Open daping123 opened 3 years ago

daping123 commented 3 years ago

Describe the bug

I have a model with IFormFIle property and other simple type properties.It could pass to the controller with [ApiController] and [FromForm] successfully.But If I only pass IFormFile property in model,it could not pass data to controller.I find a solution,when I remove [ApiController] and [FromForm],it works.

To Reproduce

using asp.net core 3.1

Model:

    public class ProductImageDetailsDto
    {
        public IFormFile ProductImage { get; set; }

        public bool IsDefaultImage { get; set; }

    }

Controller:

    [ApiController]
    [Route("[controller]")]
    public class WeatherForecastController : ControllerBase
    {
        [HttpPut("UpdateProductImagesByProductId/{id}")]
        public async Task<IActionResult> UpdateProdutImagesByProductId(Guid id,[FromForm]List<ProductImageDetailsDto> productImages)
        {

            return Ok();
        }
    }

SO Reference:

https://stackoverflow.com/questions/65085522/how-to-upload-multiple-files-using-multipart-form-data-media-type-in-net-core-w/65087114

mkArtakMSFT commented 3 years ago

Thank you for filing this issue. In order for us to investigate this issue, please provide a minimalistic repro project (ideally a GitHub repo) that illustrates the problem.

daping123 commented 3 years ago

Thank you for filing this issue. In order for us to investigate this issue, please provide a minimalistic repro project (ideally a GitHub repo) that illustrates the problem.

@mkArtakMSFT I have create a github repo here: https://github.com/daping123/ModelBindingProj

When you post only ProductImage in postman,I will receive data count=0. When you post both ProductImage and IsDefaultImage,I will receive the correct data.

Why?Does IFormFile run the different pipeline in model binding?And my workaround is that,when I remove [ApiController] and [FromForm], I could pass ProductImage without IsDefaultImage.For my workaround,i am also confused,why i can't add [FromForm]?

And I find if I receive Model instead of List in backend.Using [FromForm] is OK.

ghost commented 3 years ago

Thanks for contacting us. We're moving this issue to the Next sprint planning milestone for future evaluation / consideration. We will evaluate the request when we are planning the work for the next milestone. To learn more about what to expect next and how this issue will be handled you can read more about our triage process here.

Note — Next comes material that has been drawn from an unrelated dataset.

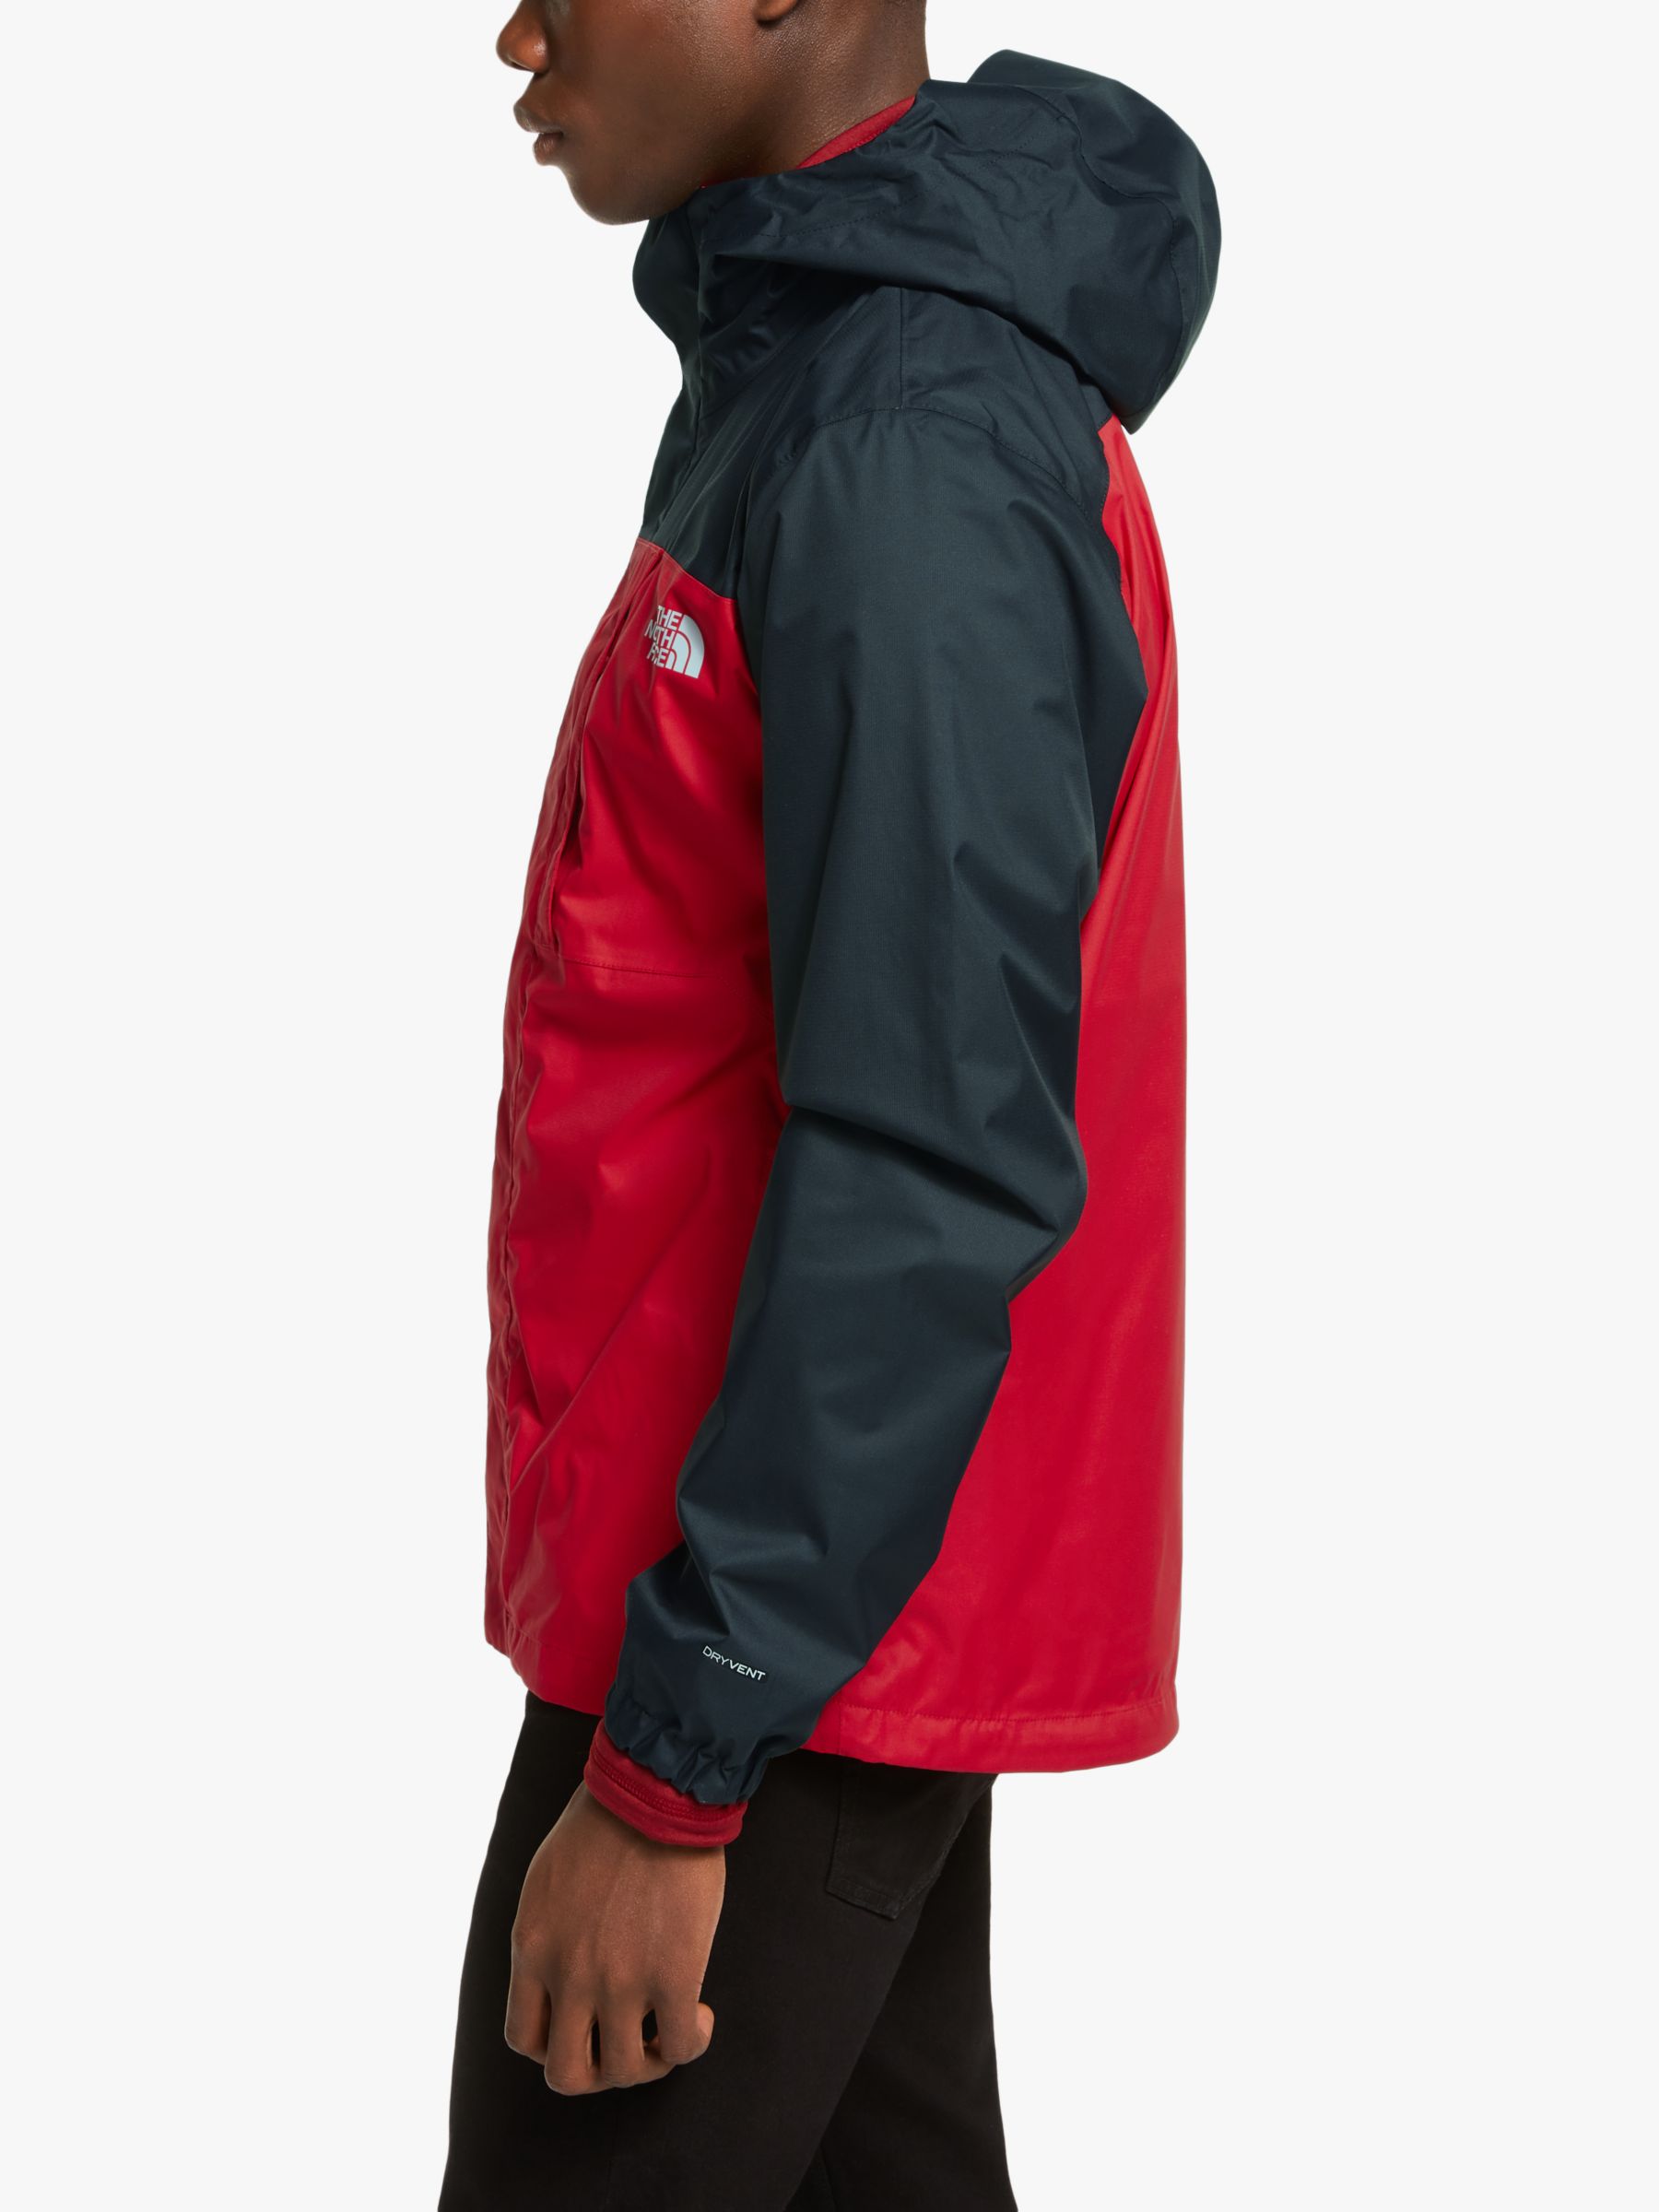 mens red and black north face jacket

coderealm commented 3 years ago

I have spent the last 3 days looking to find how others have solved this problem but nothing out there works. Guess it is bug. When will this be released to production please?

coderealm commented 3 years ago

When testing your solution, please include HttpPost as his is HttpPut. I had similar issue posting to the server A solution for a scenario like below would be nice !!!


[HttpPost]
public async Task<IActionResult> GetModelWithMediaUsingIFormFile(Employee employee)
{

    return Ok();
}

// Model for model binding

public class Employee
{
    public string FirstName {get; set;}
    public string LastName {get; set;}
    public IEnumerable<IFormFile> ChristmasPartyPhotosAndVideos { get; set;}
}
ghost commented 2 years ago

Thanks for contacting us. We're moving this issue to the .NET 7 Planning milestone for future evaluation / consideration. Because it's not immediately obvious that this is a bug in our framework, we would like to keep this around to collect more feedback, which can later help us determine the impact of it. We will re-evaluate this issue, during our next planning meeting(s). If we later determine, that the issue has no community involvement, or it's very rare and low-impact issue, we will close it - so that the team can focus on more important and high impact issues. To learn more about what to expect next and how this issue will be handled you can read more about our triage process here.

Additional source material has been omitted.